Chicken chorizo meatloaf

I really can’t leave well enough alone. A little while ago, I made some tasty little cocktail meatballs with chicken and chorizo. They were a raging success, and I blogged about them and set the recipe aside. By rights, that should have been it.

And then I kept thinking about them. I had a theory that meatballs and meatloaf were just the same thing in different guises. Clearly, the only way to prove this was to try the recipe again in meatloaf form. So I did, and I think it’s even better this way.

The quantities here yield a fairly small meatloaf, enough for four hungry eaters or six demure ones. I love just how different it is from a traditional meatloaf’s beefy softness and sugary glaze. The flavor is deeper and more interesting, with the spicy sourness of the chorizo tempered and rounded out by the mild-mannered chicken. I added a poblano pepper to the vegetable mix this time around, which was lovely both for its sharp flavor and the flecks of green it contributed to the loaf itself. The whole thing is vaguely Southwestern in flavor, a sort of Tex-Mex thing, which makes it both special and casual, the kind of homespun main course that impresses without coming off as fussy.

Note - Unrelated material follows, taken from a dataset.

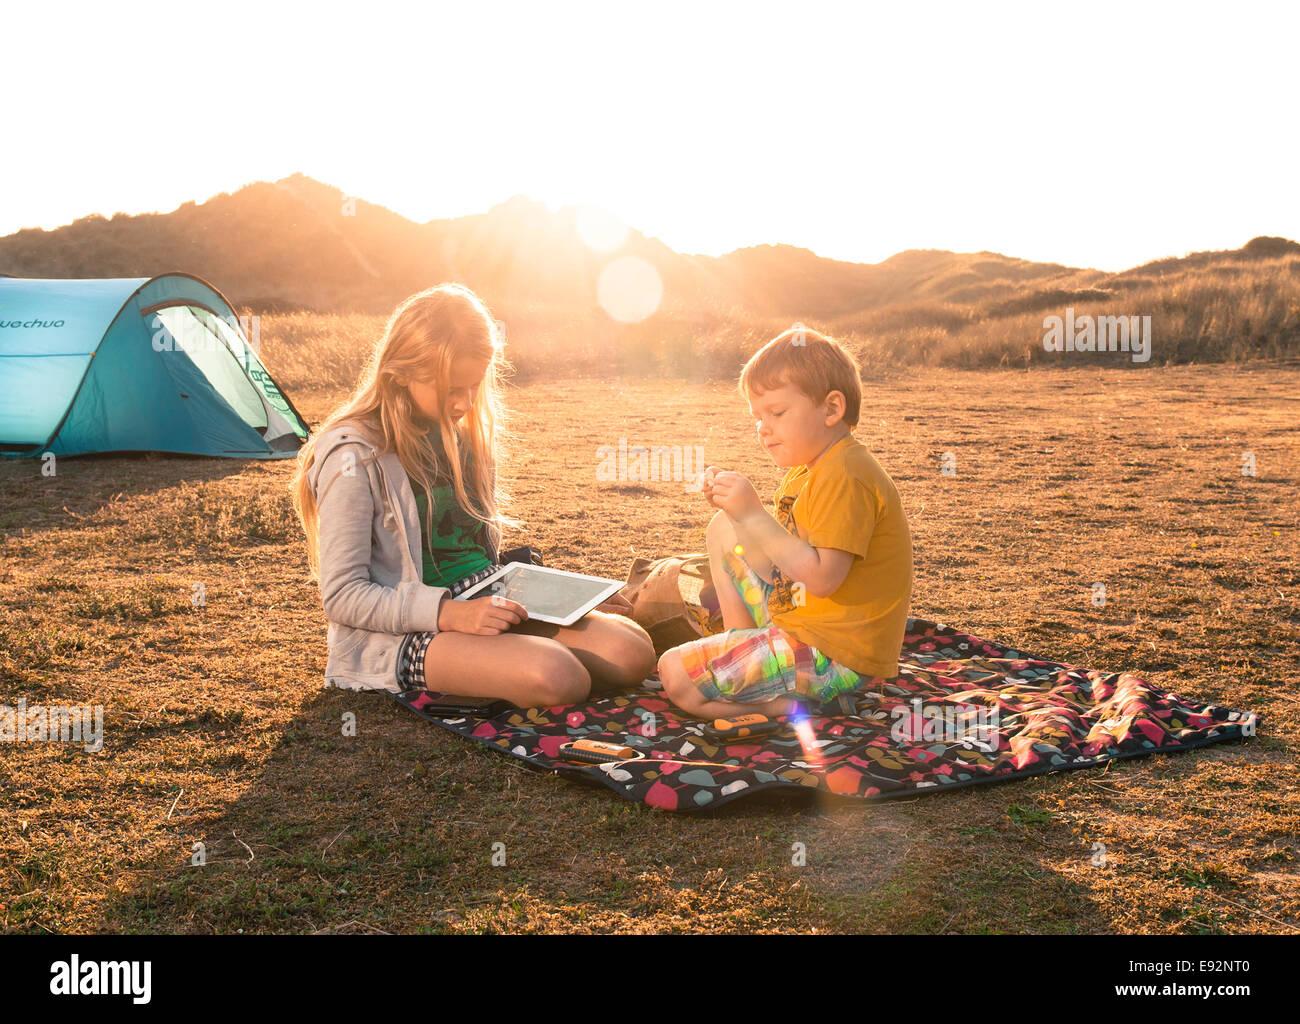 Kids camping - Stock Image

When I made this recipe as meatballs, they turned out loose and soft, threatening to collapse under their own weight. With the meatloaf version, that wasn’t a problem. The mixture shaped easily and held together perfectly, baking up slightly crusty on the outside and incredibly juicy within. Even though it took us close to an hour after the meatloaf was cooked to actually eat it, it was still warm and inviting inside when we sliced it. It yielded obligingly under a bread knife, as easily as cutting warm butter.

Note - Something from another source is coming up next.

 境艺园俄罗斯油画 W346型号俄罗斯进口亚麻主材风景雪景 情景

There’s also another reason this works better as a meatloaf, I think: the texture. The recipe calls for crushed tortilla chips in place of the usual breadcrumbs. Last time, I wrote that processing the chips in a food processor would break the chips down finer; I was wrong. I tried processing them, which didn’t accomplish much, so I switched to bashing them in a zip-top bag with a rolling pin; after a lot of noise and mess, they were still much coarser than ordinary breadcrumbs. In meatball form, that chunkiness was less than ideal; in meatloaf, it’s wonderful. I find traditional meatloaf texture to be a bit boring, and this is anything but, with soft nuggets of tortilla and slippery bits of onion and pepper. That alone is enough to earn this recipe a spot in my regular dinner rotation.

chicken chorizo meatloaf

Chicken Chorizo Meatloaf (serves 4-6)

Adapted from this recipe

1 tbsp olive oil or unsalted butter

1 medium sweet onion, finely diced

1 poblano (pasilla) pepper, finely diced

Salt to taste

4 scallions, thinly sliced

2 large or 4 small garlic cloves, minced

1 large egg

1 lb ground chicken

1/2 lb (about 9 oz) Mexican (soft) chorizo, removed from casing

1 cup finely crushed tortilla chips

1 tsp smoked paprika

1/2 tsp salt (if using unsalted chips, increase to 1 tsp)

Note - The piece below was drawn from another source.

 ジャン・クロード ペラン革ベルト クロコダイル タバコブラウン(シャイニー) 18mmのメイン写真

In a large skillet, heat oil or butter over medium heat. Add onion, poblano pepper, and a pinch of salt, and cook, stirring frequently, for 8-10 minutes, or until the onions are soft. Add scallions and garlic and cook for another 30 seconds to a minute, or until the garlic is fragrant. Remove from the heat and let cool.

In a large mixing bowl, beat egg thoroughly. Add the cooled onion mixture, ground chicken, chorizo, tortilla chips, smoked paprika, and salt. Mix until thoroughly combined. Cover the bowl with plastic wrap and refrigerate for 30 minutes to let the mixture firm up.

Preheat the oven to 325º F, and position a rack in the middle. Line a baking sheet with parchment paper or greased aluminum foil. Transfer the meat mixture to the center of the baking sheet, and use slightly damp hands to shape it into a loaf. Bake for 1 hour, or until the meatloaf is cooked through (at least 160º F internal temperature).

Remove the meatloaf from the oven and let rest for at least 10 minutes before slicing. Leftovers will keep, tightly wrapped, in the refrigerator for up to 3 days, or in the freezer for up to 3 months.